Decide based on what `SearchIndexerStats` tracks once read:
- **(a)** If `SearchIndexerStats` tracks only dead signals → delete the whole subsystem (listener + stats class + admin controller exposure + UI consumer if any)
- **(b)** If it still tracks live signals (e.g. search index build time) → delete just the listener method and keep the stats class
Approach: read `SearchIndexerStats` and `ClickHouseAdminController` before committing to a shape; pick (a) or (b) accordingly; note the decision in the commit message.
Blast radius: `gitnexus_impact({target: "onExecutionUpdated"})` and `gitnexus_impact({target: "SearchIndexerStats"})`.
Rule update: `.claude/rules/core-classes.md`.
### 4b — TaggedExecution record
Commit message on `0f635576` says no remaining callers. Verify with `gitnexus_context({name: "TaggedExecution"})` before deleting — if anything surprises us (e.g. a test file referencing it), fold that into the delete commit.
Blast radius: `gitnexus_impact({target: "TaggedExecution"})` — expect empty upstream.

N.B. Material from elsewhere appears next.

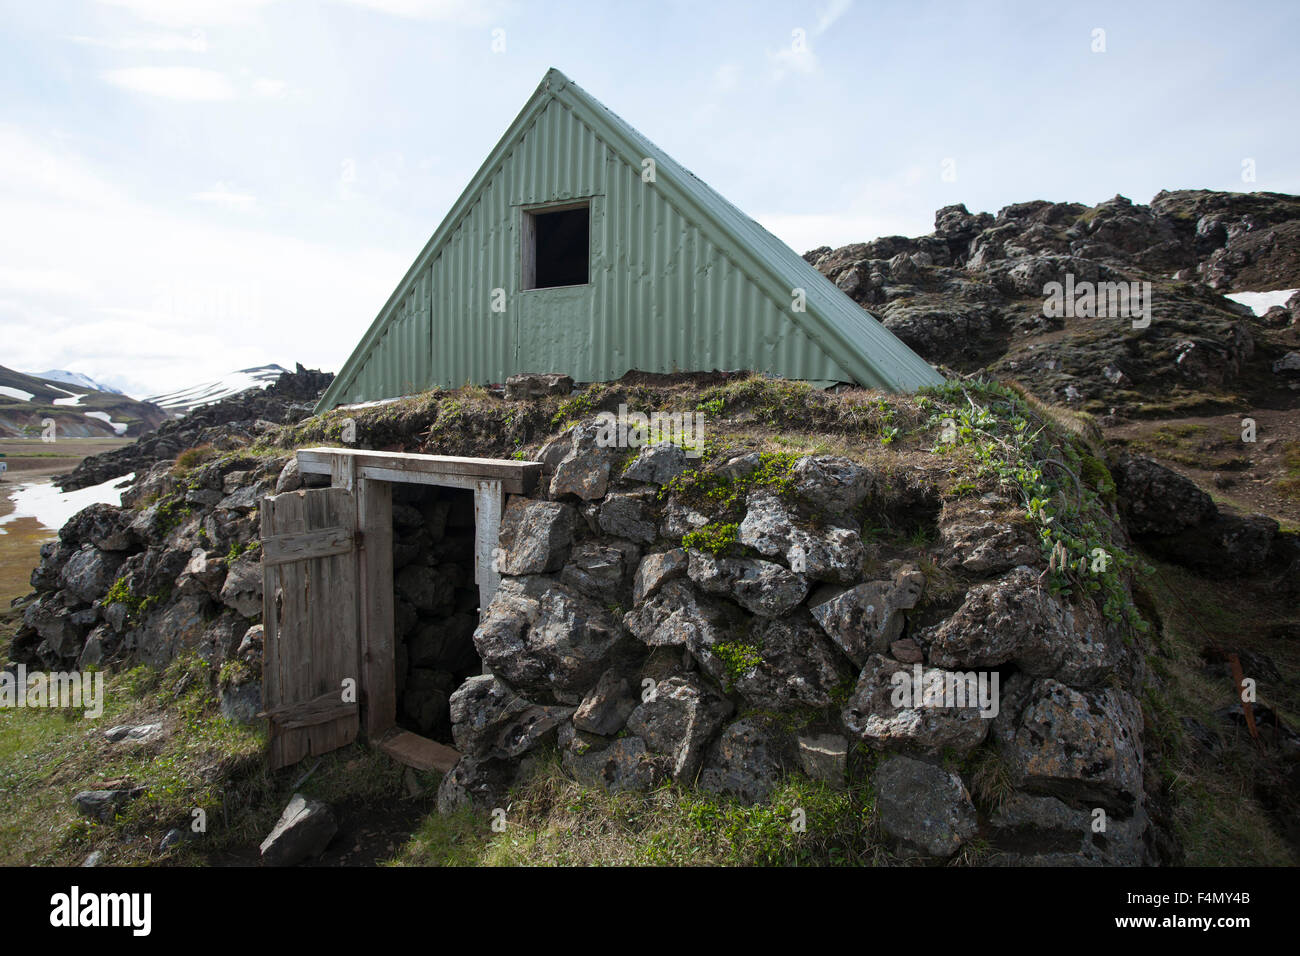 The old mountain shelter at Landmannalugar, Sudhurland, Iceland. Stock Photo
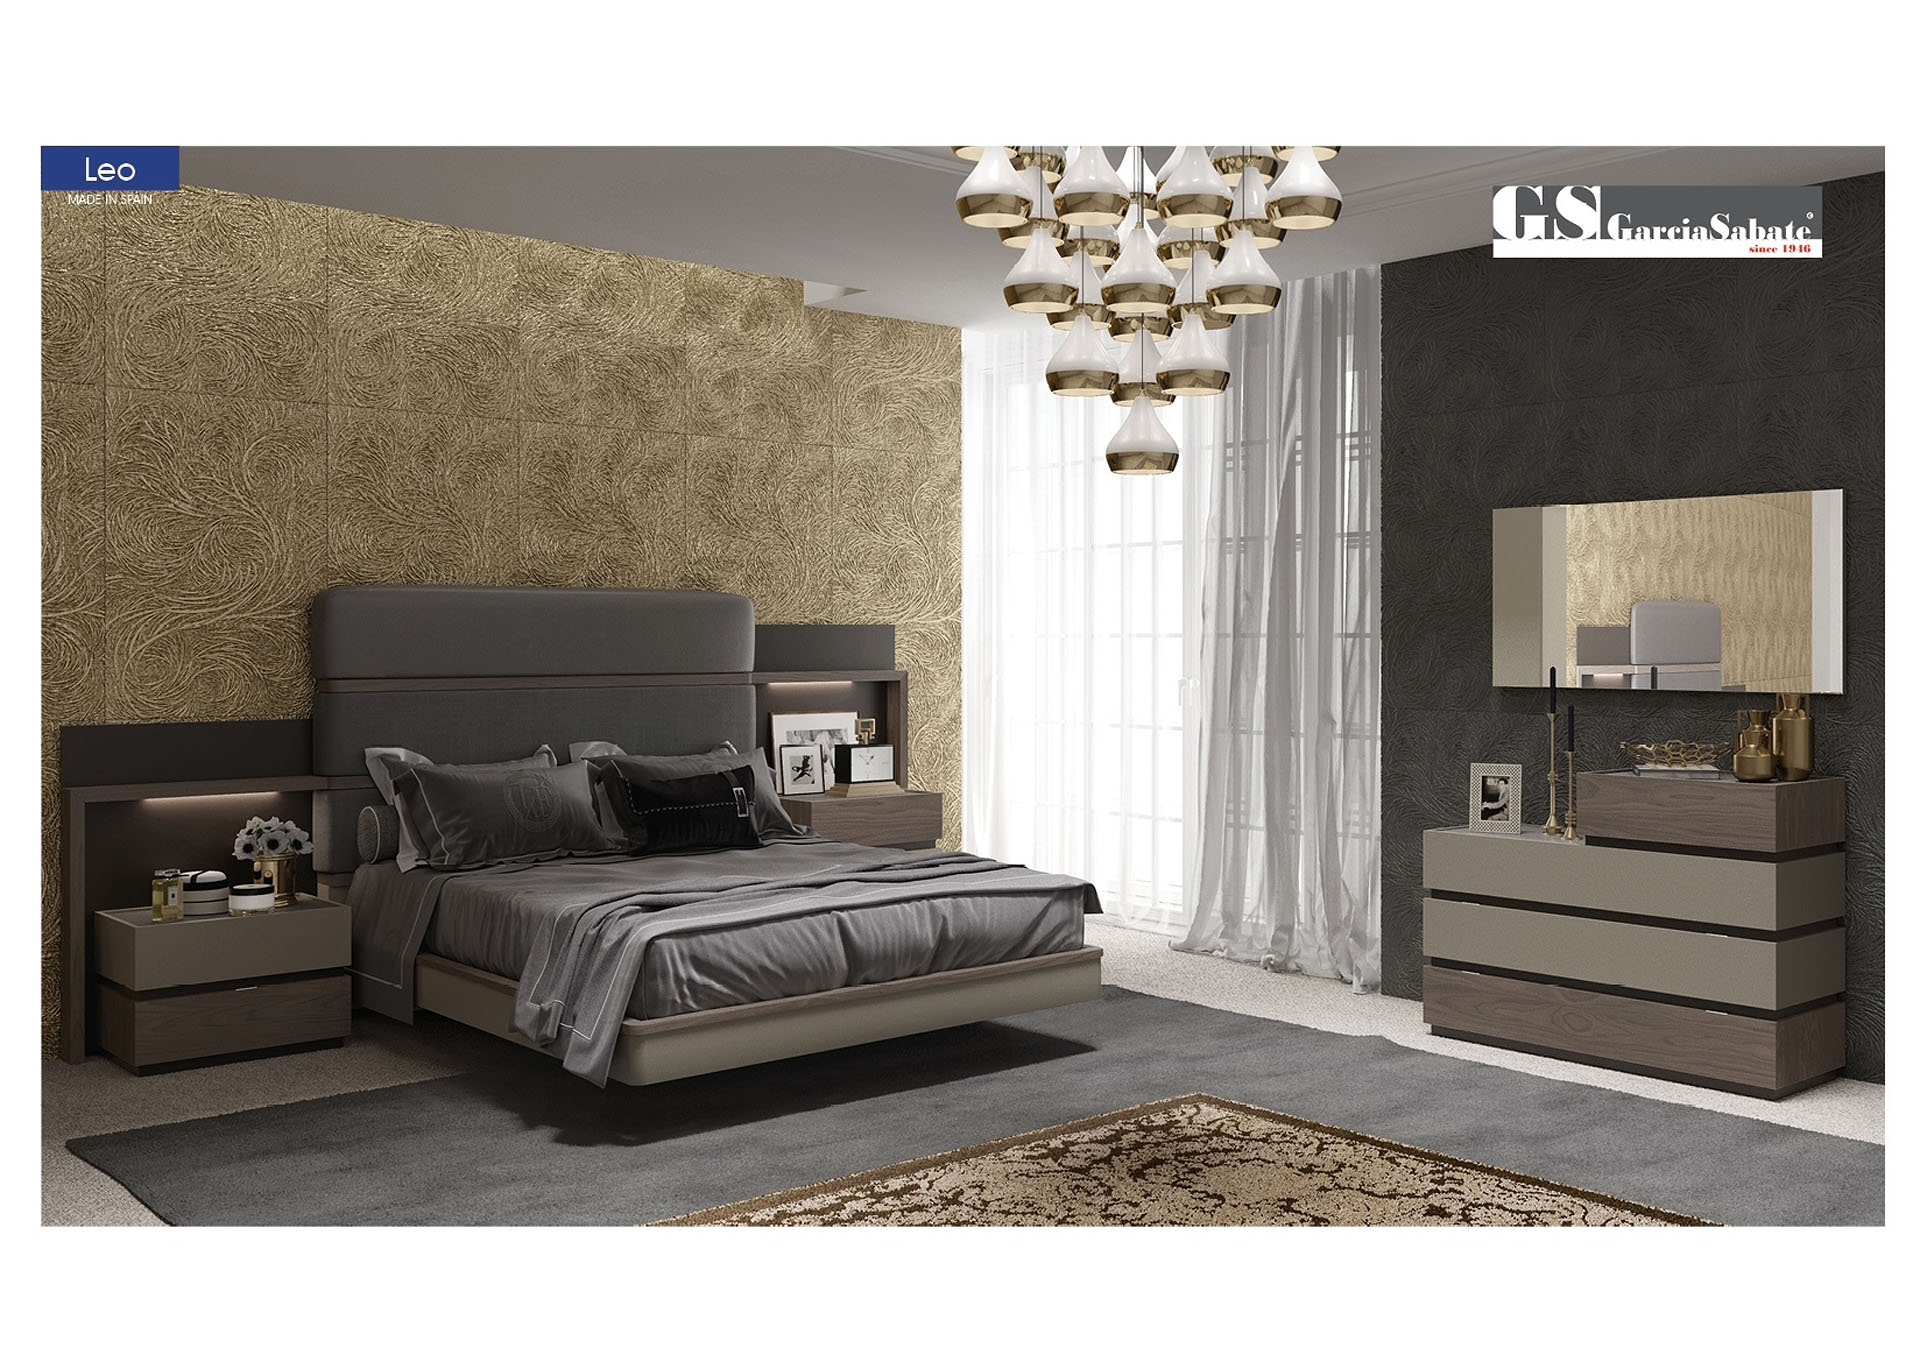 Leo Beige & Brown Storage Queen Bed,ESF Wholesale Furniture

Rule update: `.claude/rules/core-classes.md` (it's explicitly listed there as a leftover).
### Commits
2 commits, one per piece:
- `refactor(search): drop dead SearchIndexer.onExecutionUpdated listener` (plus stats cleanup if applicable)
- `refactor(model): remove unused TaggedExecution record`
## Execution order
**Wave 1 — parallelizable, no inter-dependencies:**
- Item 1 (CH timezone)
- Item 3 (scheduler SpEL)
- Item 4a (SearchIndexer)
- Item 4b (TaggedExecution)
**Wave 2 — sequential with user checkpoint:**
- Item 2a (SSE diagnosis)
- **CHECKPOINT** — user reviews diagnosis
- Item 2b (SSE fix)
Total commits: 56 on local `main`, not pushed (same convention as the triage report already established).
## Verification — final
After all commits land:
```bash
mvn -pl cameleer-server-app -am -Dit.test='!SchemaBootstrapIT' -Dtest='!*' -DfailIfNoTests=false -Dsurefire.failIfNoSpecifiedTests=false verify
```
Expected: **0 failures**. Reports in `cameleer-server-app/target/failsafe-reports/`.
## Cross-cutting rules
- **Every symbol edit:** `gitnexus_impact({target, direction: "upstream"})` before the edit, warn on HIGH/CRITICAL risk per CLAUDE.md
- **Before each commit:** `gitnexus_detect_changes({scope: "staged"})` — verify scope matches expectation
- **After each commit:** GitNexus index re-runs via PostToolUse hook per CLAUDE.md
- **`.claude/rules/` updates** are part of the same commit as the class-level change, not a separate task
- **No new env vars, endpoints, tables, or columns** beyond what's explicitly listed in this spec
- **No tests rewritten to pass-by-weakening.** Every assertion change is accompanied by a comment capturing the contract it now expresses
## Risks
- **Item 2 diagnosis finds nothing conclusive.** Mitigation: the diagnosis commit documents what was ruled out, user decides whether to continue investigating or park with `@Disabled` + a GH issue pointer. No code-side workaround (sleeps, retries) per report's explicit direction.
- **Item 1 MV recreation drops existing local dev data.** Greenfield means this is acceptable. Local devs re-run their smoke scenarios. No prod impact since there is no prod yet.
- **Item 3 SpEL bean name resolution fails.** `IngestionConfig` might not be registered with the exact bean name `ingestionConfig`. Mitigation: verify bean name via `ApplicationContext.getBeanNamesForType(IngestionConfig.class)` in a quick smoke before committing; if the name differs, use the actual name in SpEL.
- **Item 4a decision is harder than expected.** If `SearchIndexerStats` has a live UI consumer the cleanup scope changes. Mitigation: read first, commit to (a) or (b) with a clear note.